L’approccio istituzionale. Secondo i sostenitori di questa teoria, la famiglia è un’istituzione
che è venuta via via definendosi attraverso un complesso sviluppo storico. Quando si parla
di “istituzione” si pensa normalmente a qualcosa di rigido, di immobile ed immutabile.
L’istituzione familiare, invece, secondo questo approccio, si struttura in base ai bisogni
fondamentali che storicamente emergono in seno alla famiglia, manifestando i valori
culturali specifici di ogni società. Si rifanno a questo quadro concettuale gli studiosi
Ogburn, Zimmermann, Murdock, Levy ed il già citato Goode.
L’approccio dello sviluppo. In estrema sintesi, si possono comprendere all’interno di
questo quadro concettuale tutti quegli studiosi che nell’analisi della famiglia pongono
particolarmente l’accento sull’insieme dei ruoli e dei compiti che si sviluppano nel corso
dell’esperienza familiare.
Da questi brevi cenni storici si nota che la classificazione della famiglia come gruppo
sociale è comune alla maggior parte degli approcci presi in considerazione. La famiglia è cioè un
gruppo sociale inserito, insieme con altri sottosistemi, nel più vasto sistema societario con i quali
interagisce, subendone i mutamenti e concorrendo a sua volta al cambiamento sociale; non esiste
in altre parole una famiglia statica, ma una famiglia in evoluzione, storicizzata sia per quanto
riguarda i bisogni che essa esprime, sia per i ruoli che al suo interno si sviluppano.

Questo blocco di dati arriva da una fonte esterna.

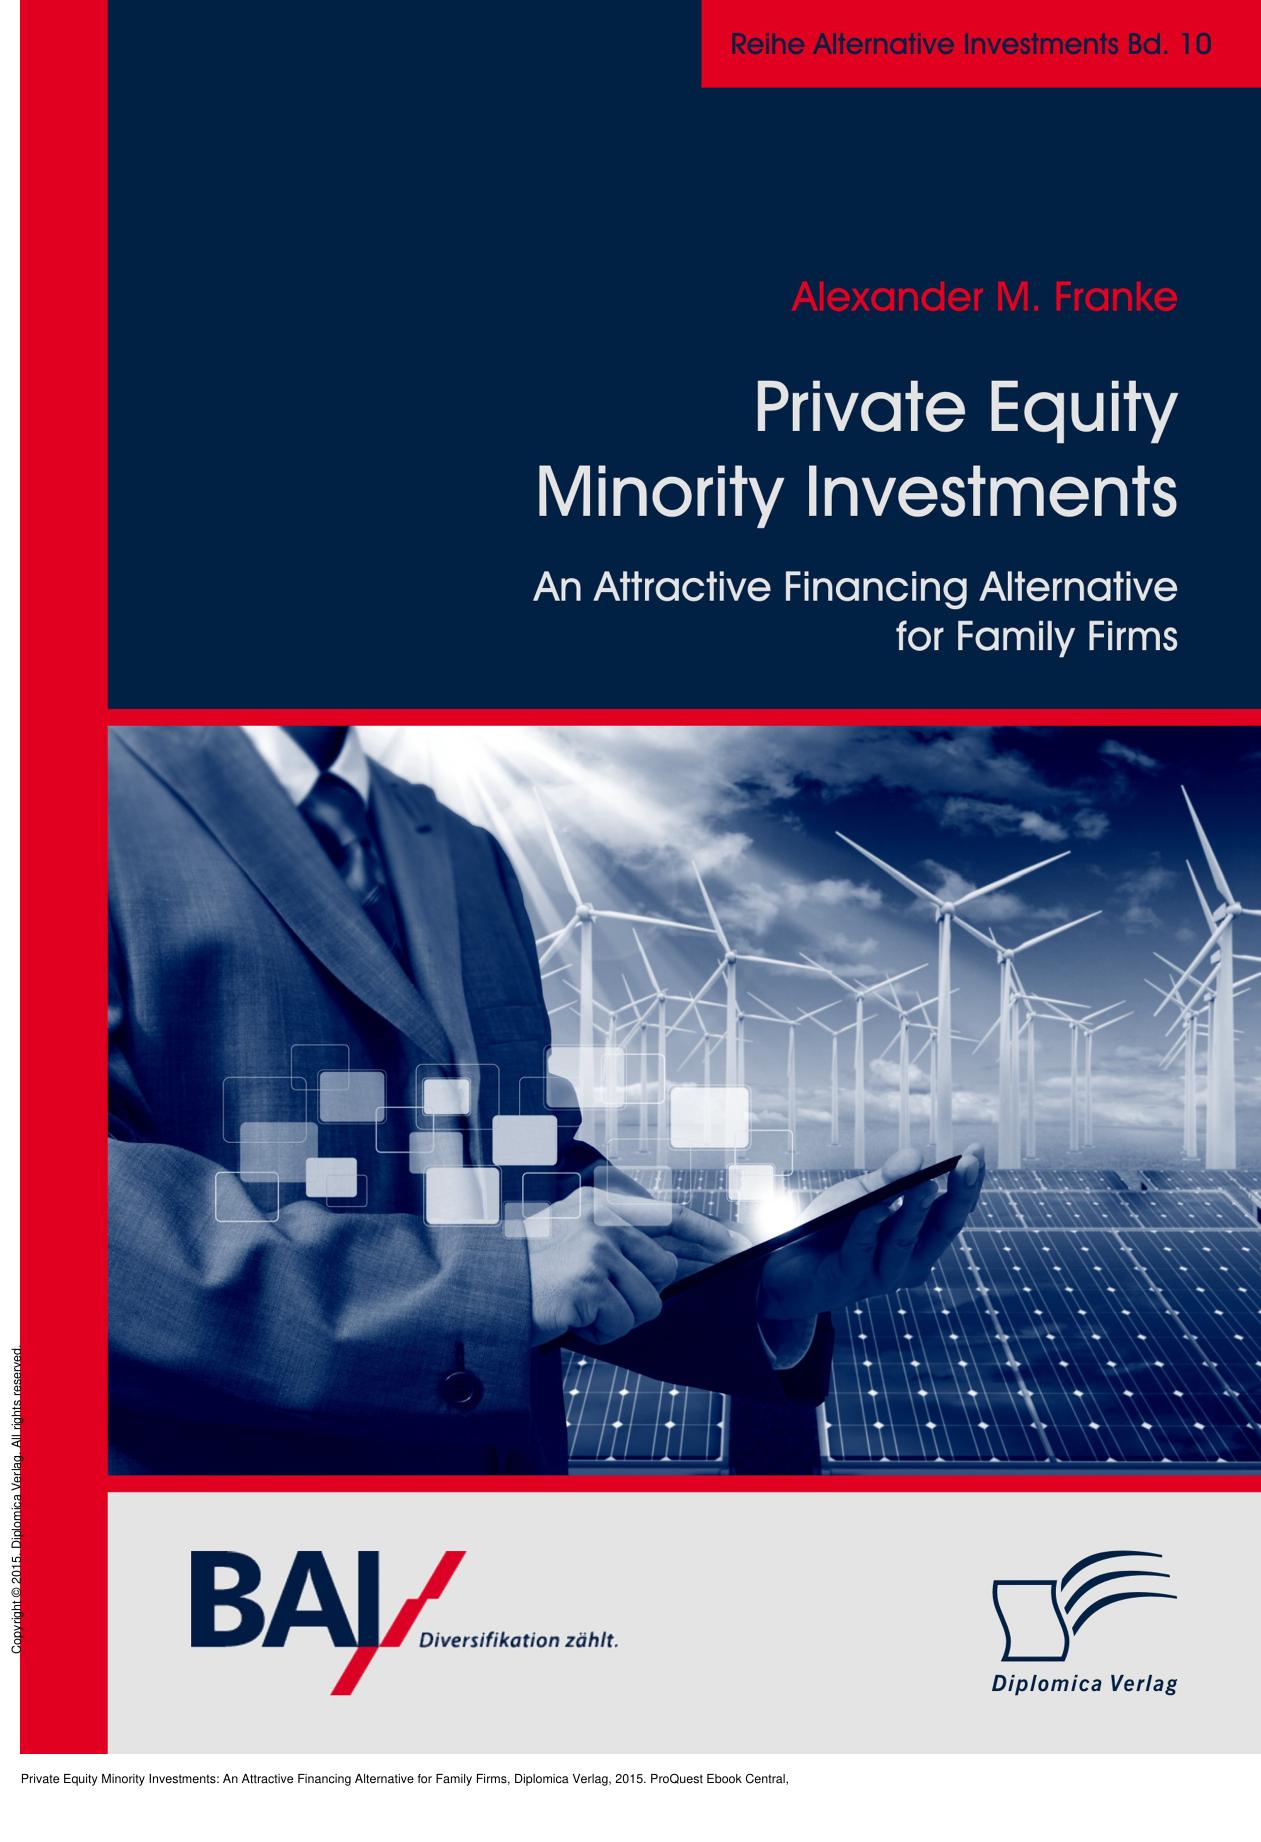 Private Equity Minority Investments: An Attractive Financing Alternative for Family Firms by Alexander M. Franke

2. La famiglia “auto-poietica”
La prima condizione da citare come essenziale per la sopravvivenza della famiglia in quanto
sottosistema societario è quella che induce a definire la famiglia attuale una famiglia autopoietica
(dal greco autos, “se stesso”, e poiein, “fare”: ossia capacità della famiglia di “farsi da sé”, di autoriprodursi come sistema autonomo di valori). L’espressione è apparentemente oscura, ma il
concetto è molto semplice. Per comprenderla dobbiamo però farci ancora una volta una domanda:
qual è il rapporto che esiste tra famiglia e società? Si tratta di un rapporto non ben definito,
problematico, talora contraddittorio. Un tempo, e per alcuni aspetti ancora oggi, si è parlato e si
parla della famiglia come un elemento della società sui-generis: la società si occupa sì della
famiglia, ma spesso non in quanto “famiglia” ma come una realtà composta di diversi membri. Si
occupa dei figli (ed ecco allora vari interventi sulla scuola, sulle attrezzature sportive ecc.), si
occupa dei genitori (con interventi sul tema del lavoro ecc.), degli anziani... e così via. . Non si parla
cioè della famiglia – va ancora una volta ribadito – come di un vero sottosistema societario
(secondo la cita definizione di Niklas Luhmann), collegato funzionalmente agli altri sottosistemi,
l’istruzione, l’economia, l’organizzazione amministrativa (la politica). In un certo senso quindi tutti
gli interventi sulla famiglia, essendo disarticolati, si trasformano in interventi assistenziali.
L’assistenza crea sempre a propria volta, in una sorta di circolo vizioso, degli assistiti. La famiglia
rischia di essere la grande assistita del nostro tempo, prima di tutto non acquisendo la
consapevolezza di essere soggetto politico, capace cioè di porsi come interlocutore a livello
istituzionale.
A tale riguardo è opportuno soffermare la nostra attenzione su alcune transizioni che la
famiglia è chiamata ad operare per proporsi come sistema autonomo di valori (ossia come entità
autopoietica):
a) Da famiglia sfera privata a famiglia soggetto sociale: la famiglia deve prendere consapevolezza
di non essere soltanto il luogo degli affetti, delle emozioni private, dei sentimenti, ma un “soggetto”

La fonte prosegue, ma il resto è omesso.